However, it is still an option to just disable it if I can find a way to fix the reboot issue. It does not look like this is the way it should work. I will try the clear and reset as soon as all the progams have been recorded and let's see if that fix the problem.

Thanks.


----------



## BTUx9 (Nov 13, 2003)

A reboot is more likely to cause problems than fix them... you run the risk of:
1) losing everything in /var
2) corrupting mfs
3) missing recording(s)

so, in my opinion, scheduling regular reboots isn't a good idea unless you use callerid (or don't like ordering PPV over the web) and don't want to use one of the other methods to prevent calling home (or don't care whether your box calls home)


----------



## cheer (Nov 13, 2005)

BTUx9 said:


> The main reason for the reboot is to let fakecall work... unless you are using the onscreen callerid, this isn't really necessary
> 
> tivo is designed to run constantly, without periodic reboots.
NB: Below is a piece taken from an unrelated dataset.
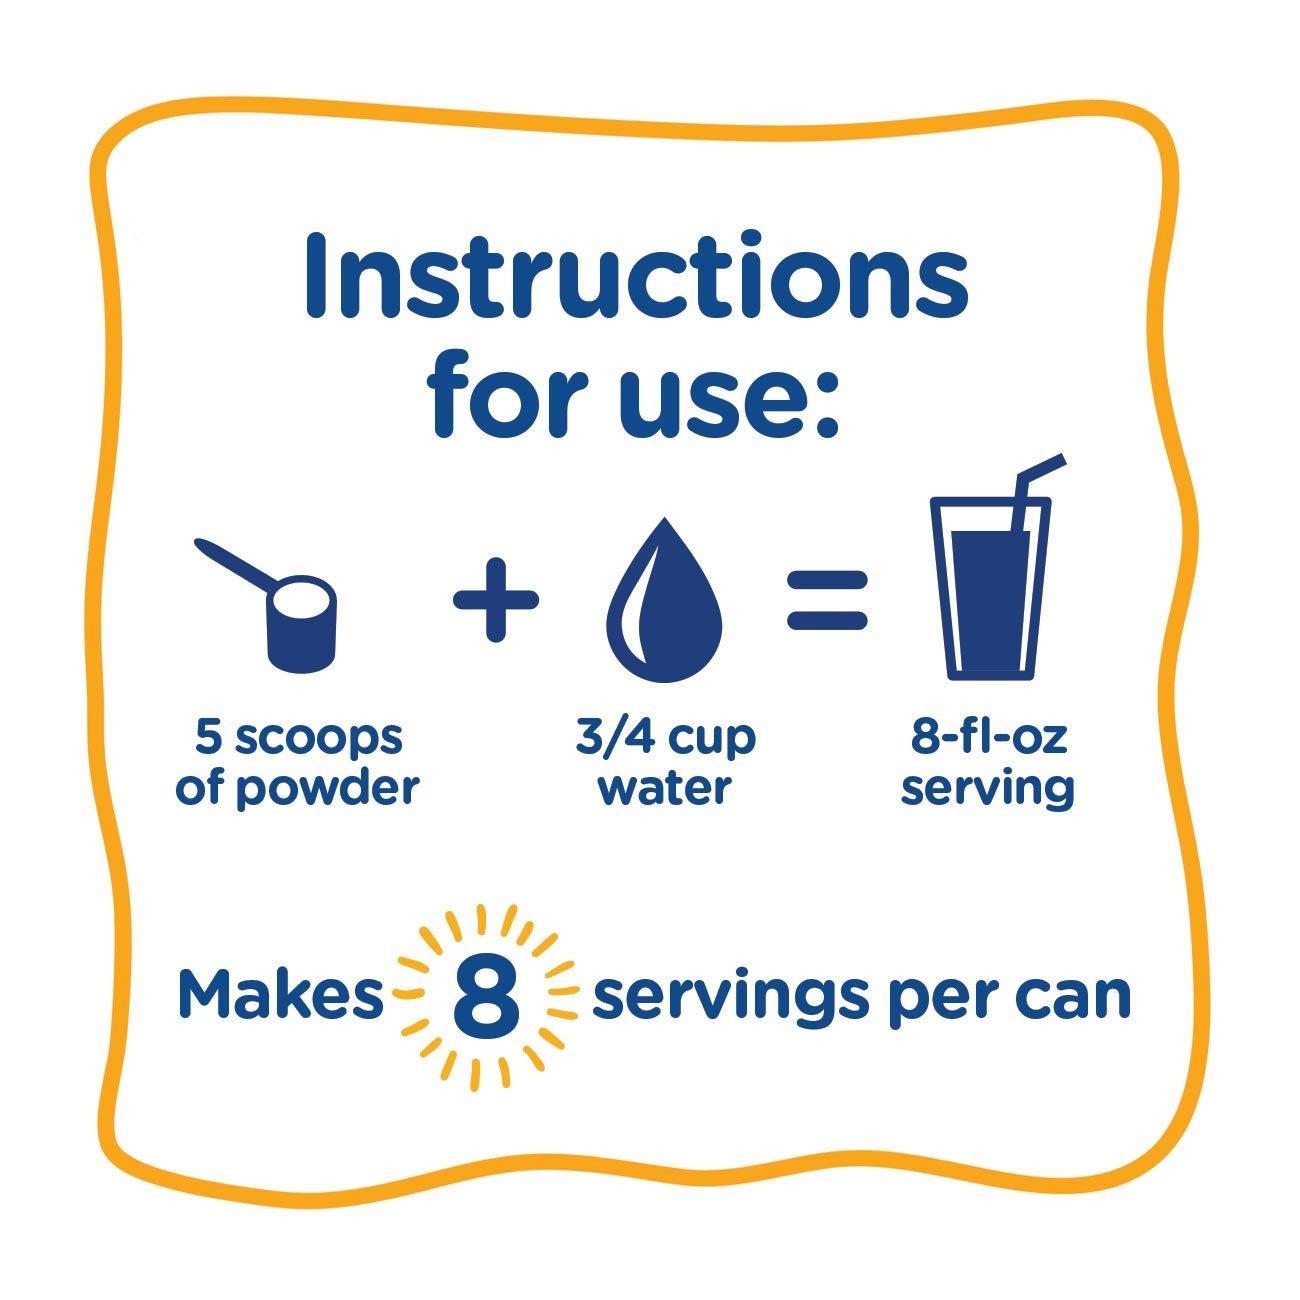 PediaSure Grow & Gain Non-GMO Vanilla Shake Mix Powder, Nutrition Shake for Kids, 14.1 oz, 3 Count by Pediasure (Image #8)
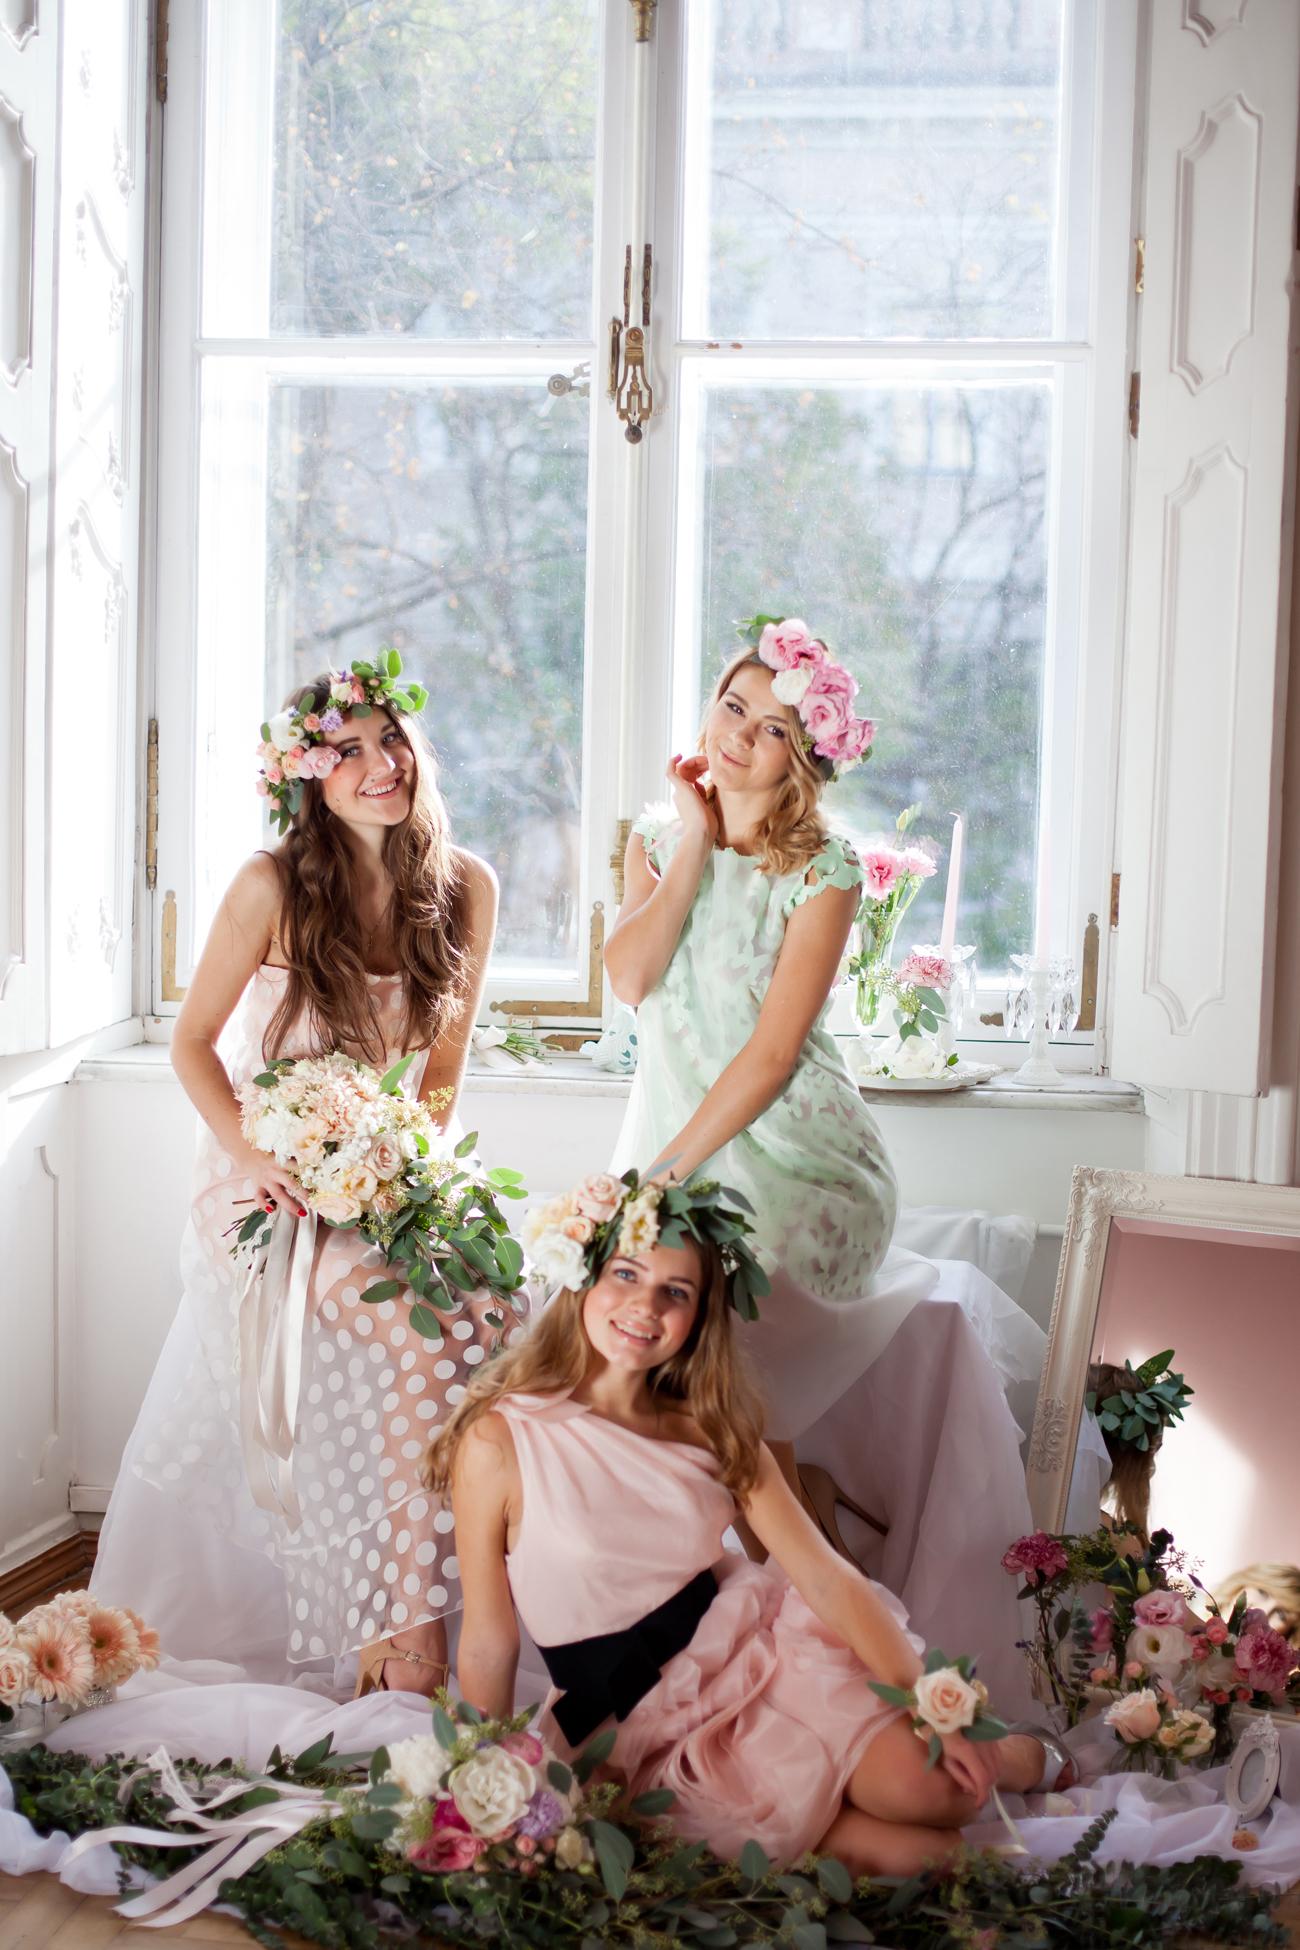 Floral November: стилизованная съемка

Alternatively, could you not just run fakecall from cron instead of rebooting from cron?


----------



## BTUx9 (Nov 13, 2003)

AFAIK, fakecall doesn't prevent calls without a system reboot (I believe the info is cached, and not reread from mfs until the next boot)


----------



## cheer (Nov 13, 2005)

Could be -- I only use it to stop the nags; I don't have lines connected (I do caller ID via the network).


----------



## BTUx9 (Nov 13, 2003)

superpatch stops the nags


----------



## Nandy (May 13, 2006)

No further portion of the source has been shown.